* [Activity]: Write out the material below again, line for line, without any images.

* [Available data]:
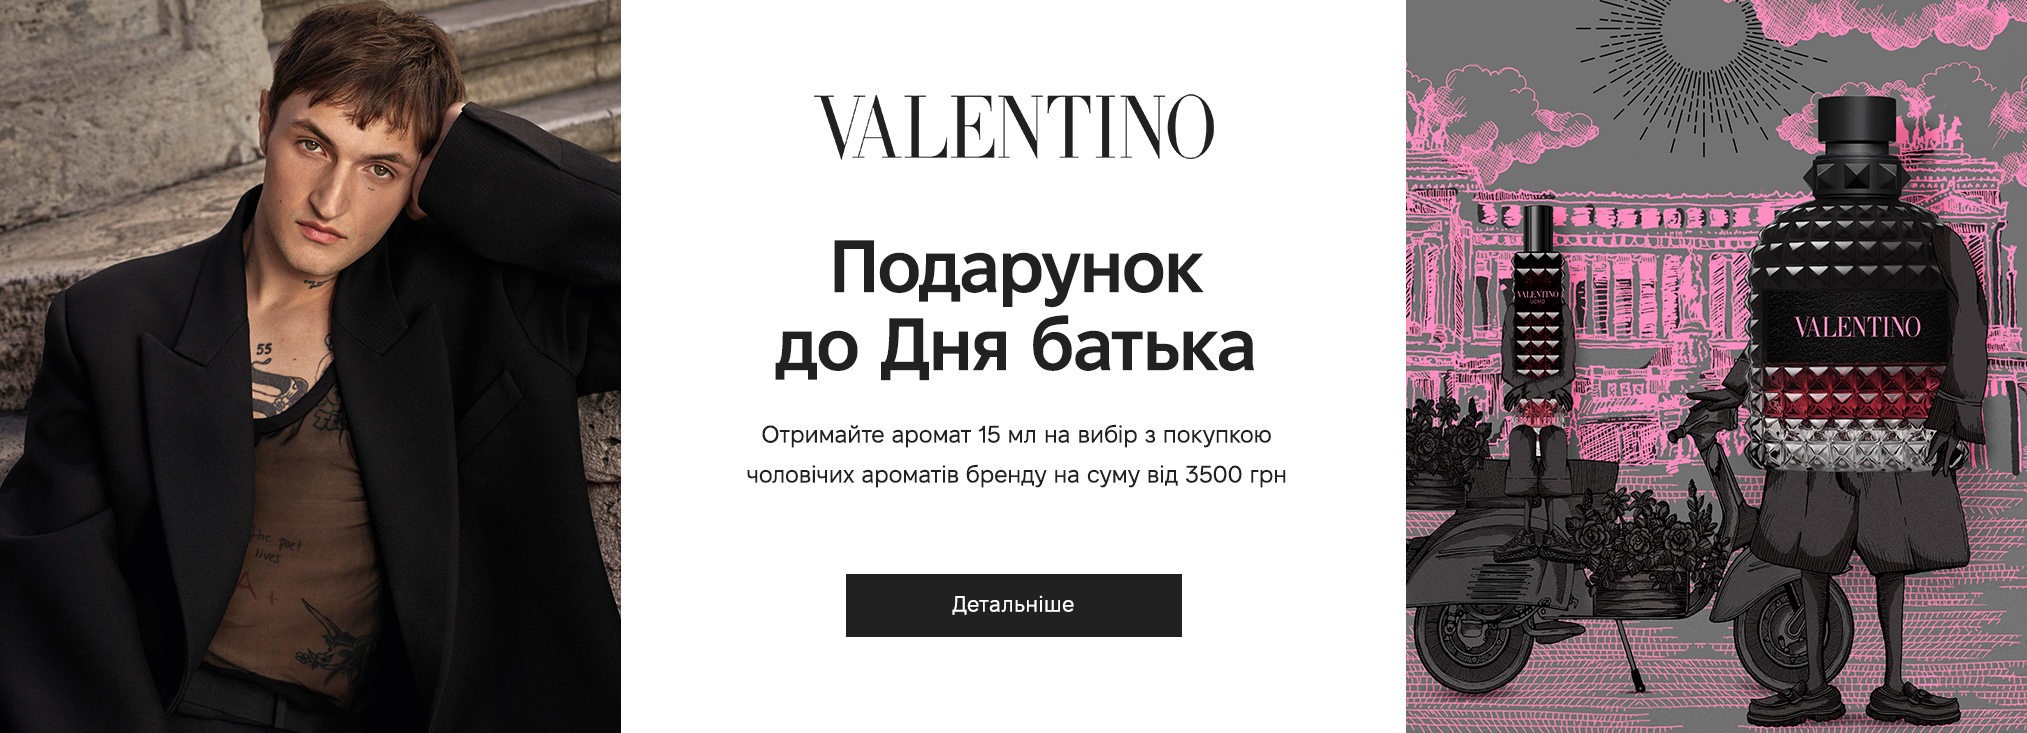 Valentino_3
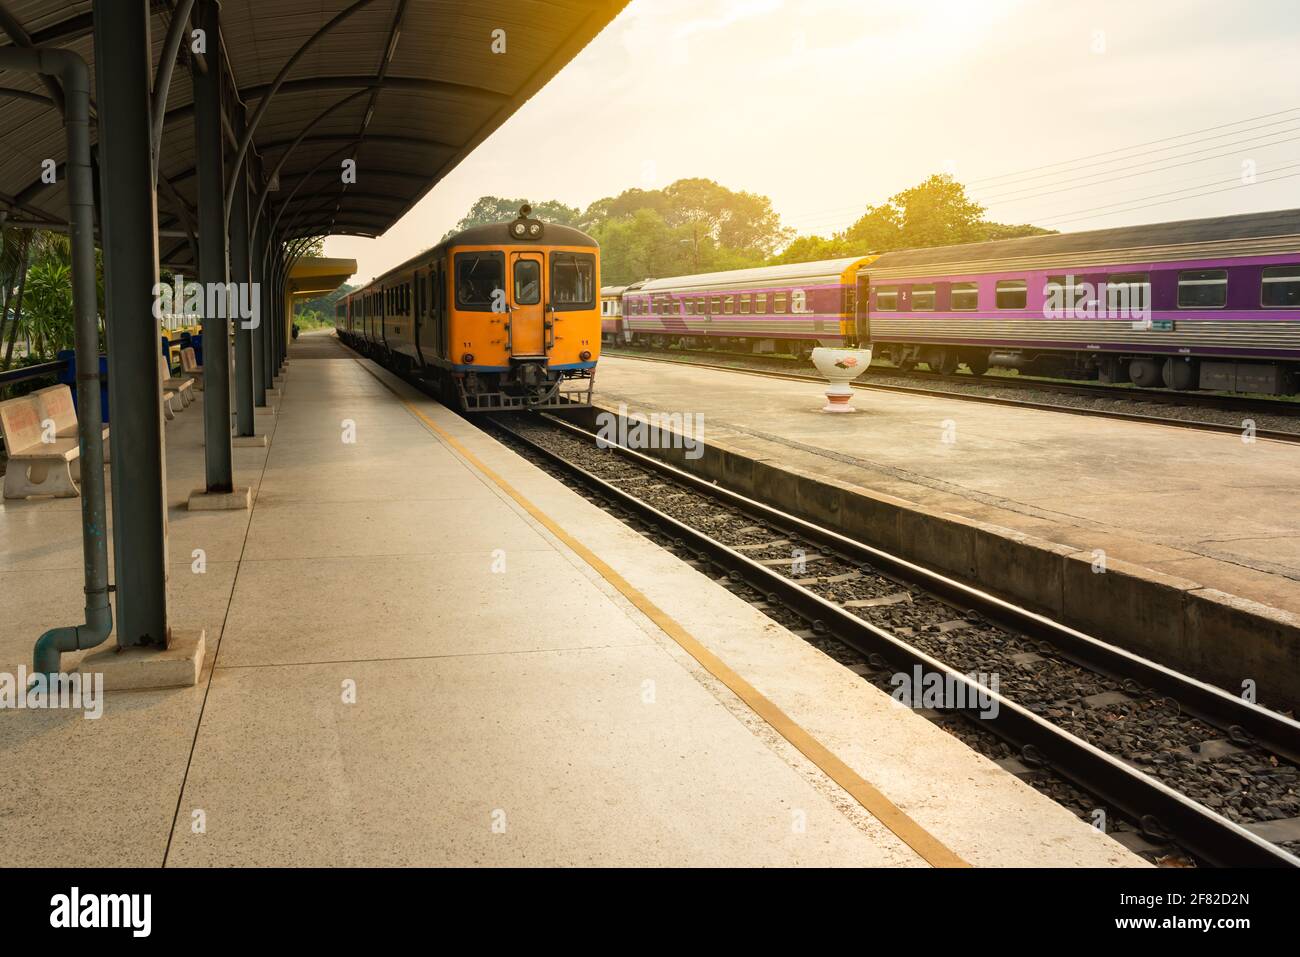 Thai local train on railway at sunset. Stock Photo
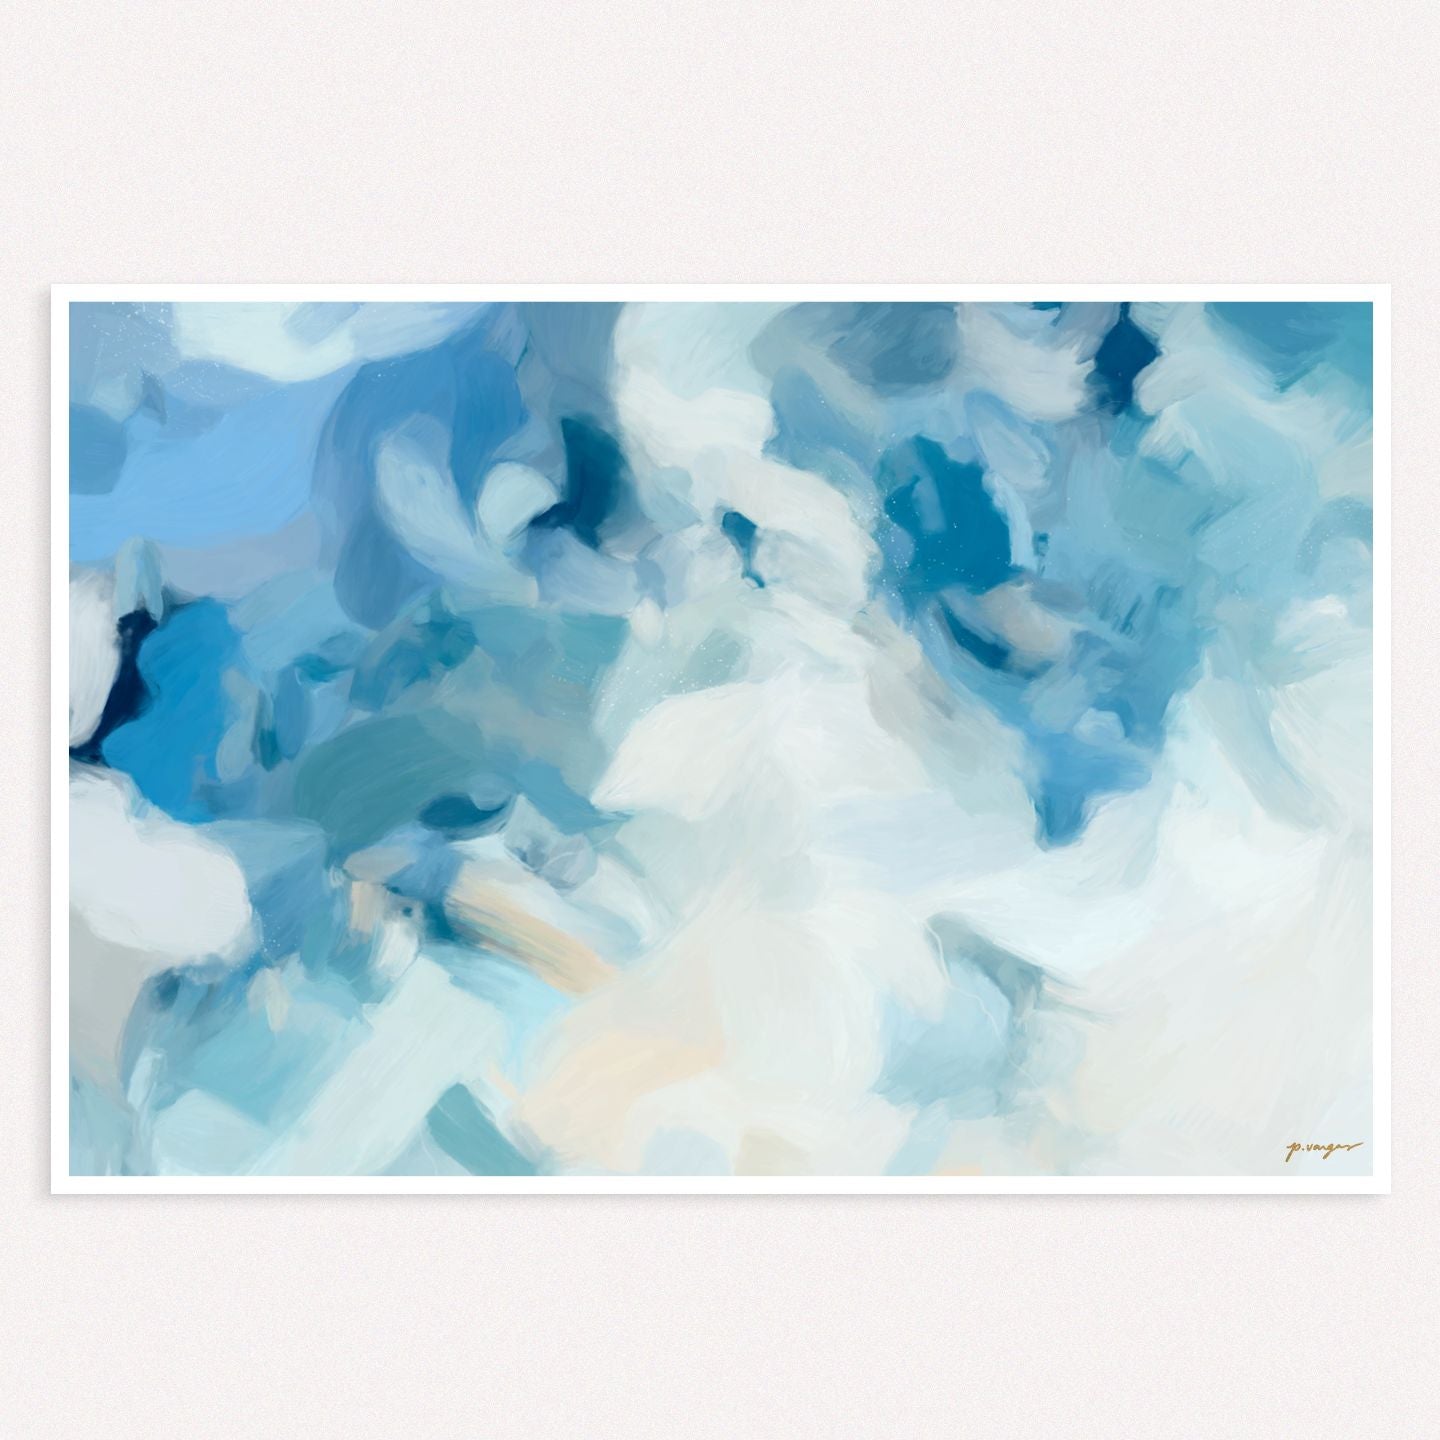 Liviana, blue colorful horizontal abstract wall art print by Parima Studio
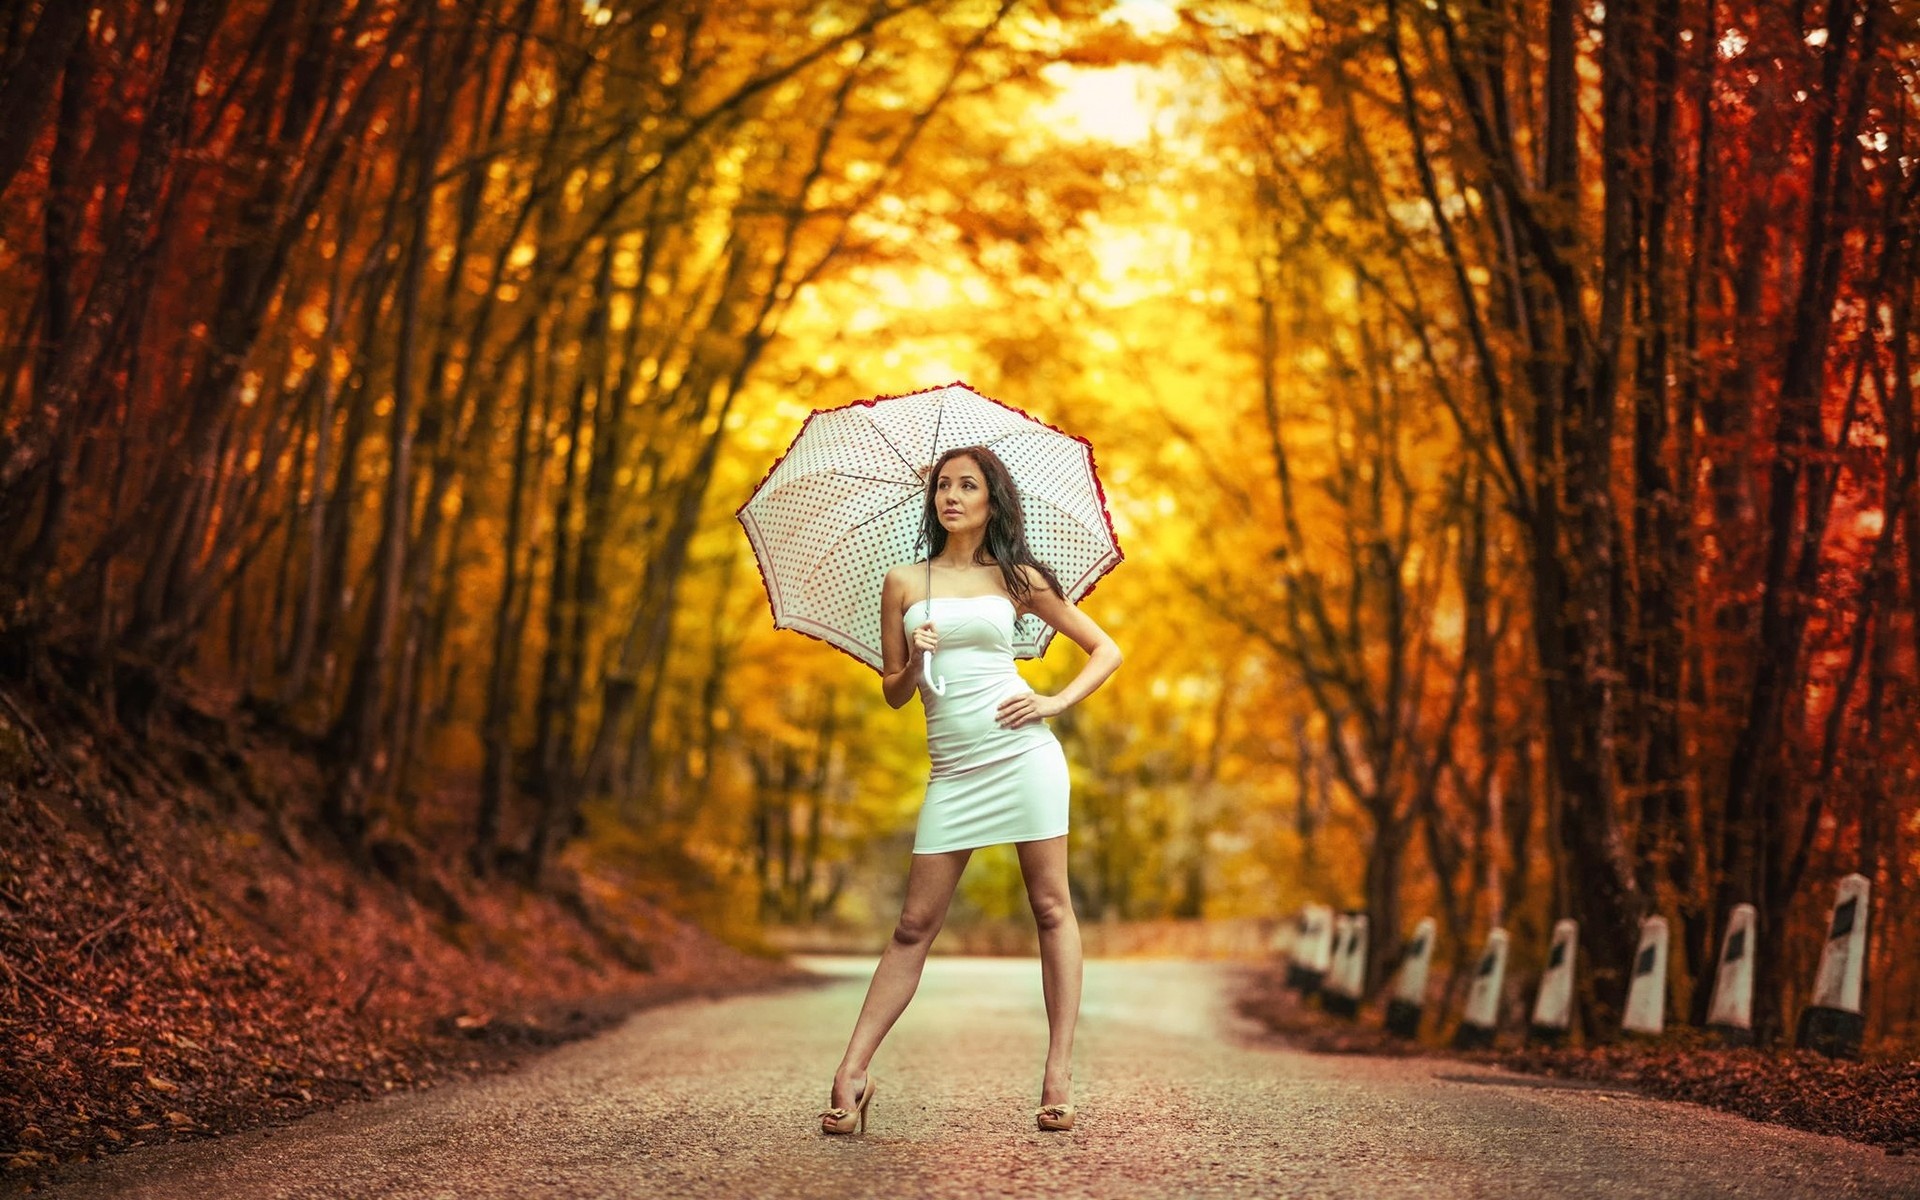 Women Model Long Hair Women Outdoors Trees White Dress Road Leaves Fall High Heels Umbrella

* [The completed task]:
 Valentino_3
 Thai local train on railway at sunset. Stock Photo
 Liviana, blue colorful horizontal abstract wall art print by Parima Studio
 Women Model Long Hair Women Outdoors Trees White Dress Road Leaves Fall High Heels Umbrella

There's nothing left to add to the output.